Помимо этого, бросается в глаза разнообразие продемонстрированных направлений в историографии. В редакционный совет вошли и Стэнли Энгерман — представитель новой экономической истории, активно использовавший в своих работах математические методы [240], и стоящая на совершенно иных принципах работы историка Натали Земон Дэвис, основными сферами интереса которой была гендерная история и микроистория. Таким образом, как при отборе материала для перевода, так и в составе редакционного совета можно наблюдать два принципиально важных признака той модели трансляции, которая была избрана альманахом: ориентация на известных в мировой науке ученых-обществоведов и на разнообразие исследовательских подходов. Альманах претендовал на репрезентацию полной картины происходящего в экономической и социальной истории, и широкий охват историков. Ориентация на сформировавшихся и внесших заметный вклад в развитие новой социальной истории ученых должна была добавить авторитета и популярности самому альманаху, и в целом отвечала склонности постсоветских ученых к ориентации в рецепции идей и теорий на авторитеты (такие как Юрген Кокка, Жак Ле Гофф), ссылки на которых в историографии начала 1990-х годов осуществлялись чаще, нежели на более новые труды по той же тематике.

Что касается исследователей-иностранцев из данного списка, то они могут быть разделены на три разные группы — некоторые принимали самое деятельное участие в работе недавно созданного альманаха, другие — только отсылали статьи по своей теме, третьи играли роль «свадебных генералов» [241].

Теперь можно перейти к характеристике той модели трансляции, которая была избрана этим изданием. Альманах THESIS замышлялся как некая ярмарка идей, или, если принять на вооружение термин Питера Галисона, «зона обмена» (trading zone) [242]. Российские ученые, таким образом, могли присмотреться к предлагаемым теориям и отобрать то, что может пригодиться им в дальнейшей работе.

Как и любая «зона обмена», журнальное пространство должно обладать определенными качествами: гетерогенностью или же «многослойностью», то есть журнал должен репрезентировать множество разнообразных теоретических идей. Помимо плюрализма также важно отметить то, что важно наличие общего «языка», для стороны «отдающей» знание, и для стороны, которая его воспринимает. Если принять во внимание то, что само журнальное пространство было крайне узким из-за ограниченного числа номеров, то единственным путем для реализации этих двух важнейших условий могла быть интенсивная работа редакции по отбору статей.

Отбор в соответствии с условиями и целями журнала осуществлялся по трем критериям:

1) Статьи демонстрируют разные, иногда даже противоречащие подходы — теоретический плюрализм.

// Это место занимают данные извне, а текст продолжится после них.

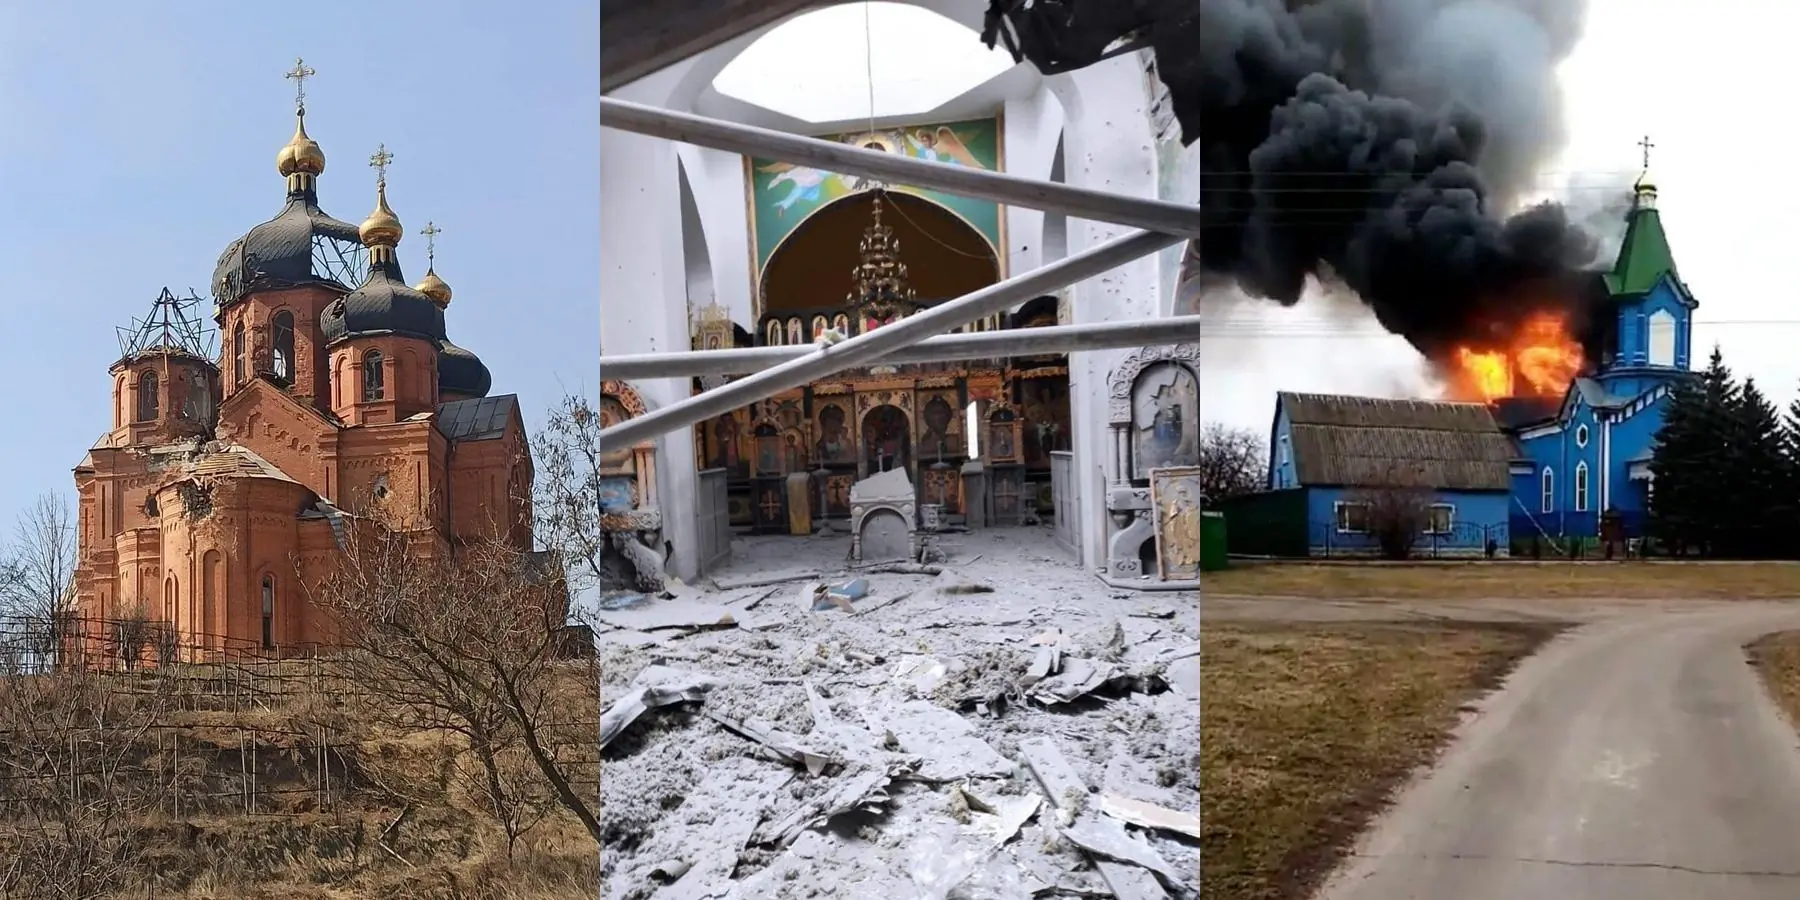 Churches in Ukraine destroyed by Russian attacks (from left): Cathedral of the Archangel Michael in Mariupol; Church of the Ascension of the Lord in Bobryk village, Kyiv region; St. George's Church in Zavorychy village, Boryspil Diocese, Kyiv region

2) Статья должна была совмещать как новаторские идеи, так и уже хорошо известные постсоветским историкам, словом, иметь «общую почву», дабы быть воспринятыми в российской науке.

3) Статья должна обладать развитым ссылочным аппаратом, значительную часть статьи должен был занимать анализ историографии.

Первый критерий был реализован в данном альманахе в полной мере. Выражается это, прежде всего, в том, что авторами материалов в данном печатном издании становились представители самых разнообразных направлений не только в социальной истории, но и в экономике и социологии. В первом номере альманаха авторами статей в разделе «Экономическая история», были экономист Дональд Макклоски [243] и французский историк Пьер Шоню [244], представитель квантитативной истории. В разделе «Социальная история» представлены две статьи — Теодора Зелдина [245], занимавшегося историей эмоций, и Райнхардта Зидера [246], основной темой статьи которого была история семьи. Если посмотреть на остальные номера, то на их страницах мы найдем совершенно различные направления: от Begriffgeschichte до гендерной истории.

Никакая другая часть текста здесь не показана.